## Class 3: Fitting models to data

---

In [None]:
import numpy as np
import matplotlib.pyplot as plt

# 1. $\underline{{\rm Choosing\ a\ model\ for\ your\ data}}$

Fitting models to data typically involves either fitting a line or a curve to a scatter plot. Our decisions about which type of model we want to fit to our data depends on:
* the shape of our data
* our understanding of the physical processes involved in creating/obtaining the data

## 1.1 Standard linear model
Let's make some toy data with scatter that we will use to fit a line. (Yes, we will already know the solution to this data but just for the sake of learning how to fit a line, let's pretend.)

In [None]:
#let's make an array of x-values from 0-10 and y-values with some scatter

#let's make a random seed so we get the same scatter every time
np.random.seed(0)

x      = np.arange(10)
y_true = 2+x*3 + np.random.randn(10)

In [None]:
#let's make a scatter plot
#lgive our x-axis units of time in seconds
#our y-axis can be "hypothetical measurement"
plt.scatter(x, y_true)
plt.xlabel('seconds')
plt.ylabel('hypothetical measurement')

#### PRETEND WE DIDN'T CREATE THIS TOY DATA OURSELVES
Ok, so let's say we are making some observations, we plot our measurements and the above is what we get.
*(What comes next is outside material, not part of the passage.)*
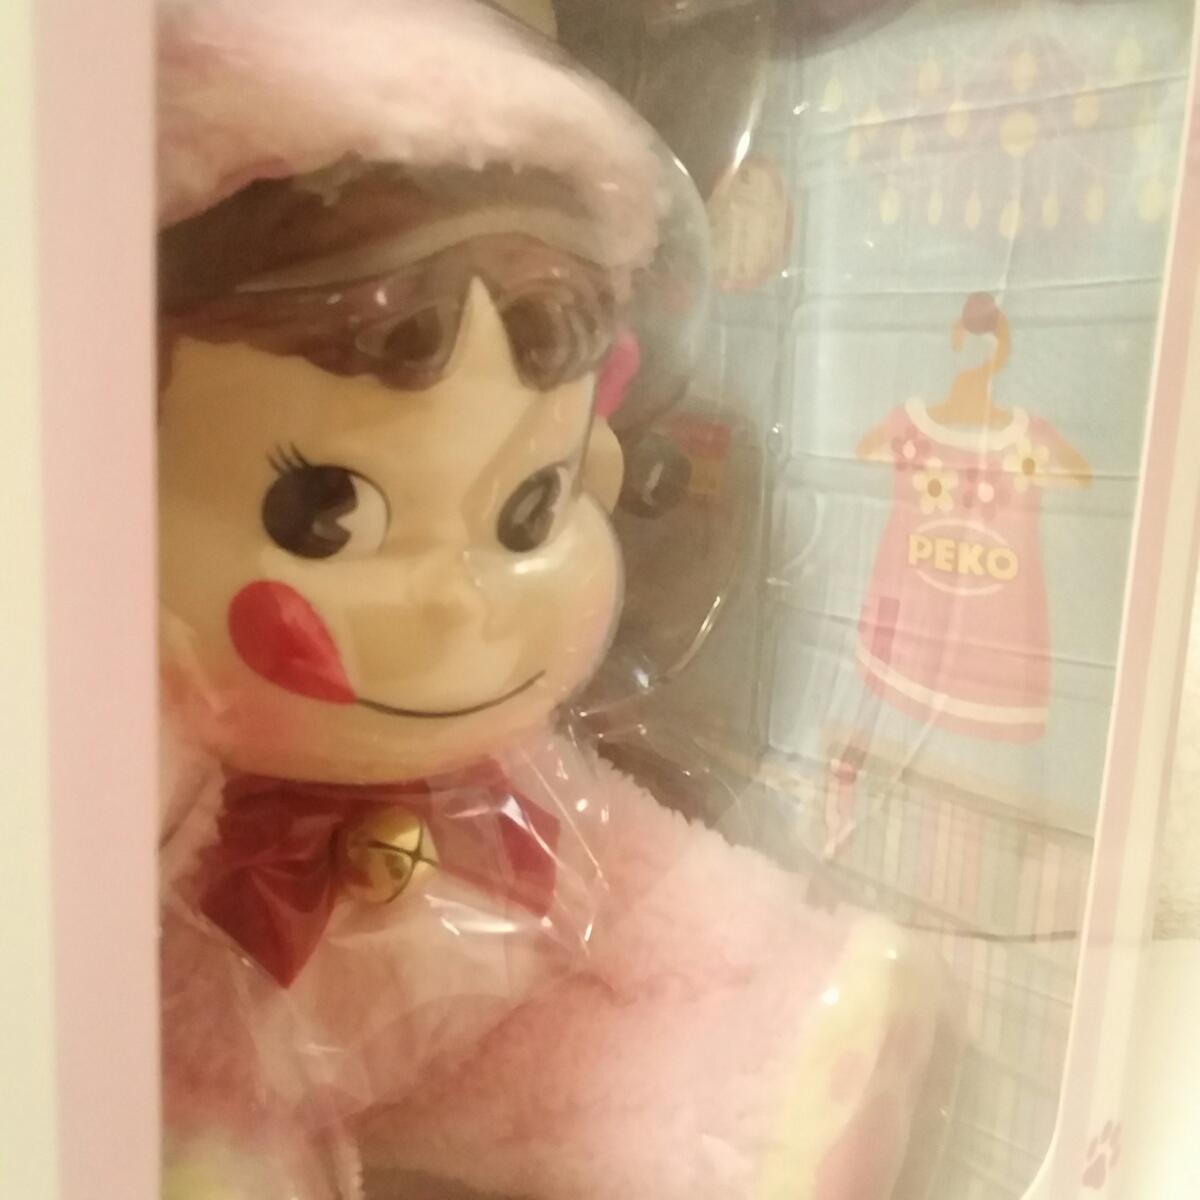 数量限定 PEKO DOLL ペコドール ペコちゃん 人形 猫 ピンク 着ぐるみ セブンイレブン 不二家 限定 ぬいぐるみ ミルキー プレゼント_画像6

So we can say that our data appears to have a linear trend. As time increases, the value of our hypothetical observable also increases.

We can therefore attempt to fit the data with a linear function.

First write a function for a line:

In [None]:
def line(b,m,x):
    '''this function returns y-values for a line.
    parameters:
    -----------
    b: (int or float, y-intercept)
    m: (int or float, slope)
    x: (int, float or array, the independent variable )
    returns:
    --------
    y-values for a line: (int, float, or array)
    '''
    y = b + m*x
    return y

We are going to essentially make lots of guesses for the parameters.
We will be fitting a line, so we want to create several models (lines) using different values for the parameters and plot the lines over your scatter plot and see which one fits best.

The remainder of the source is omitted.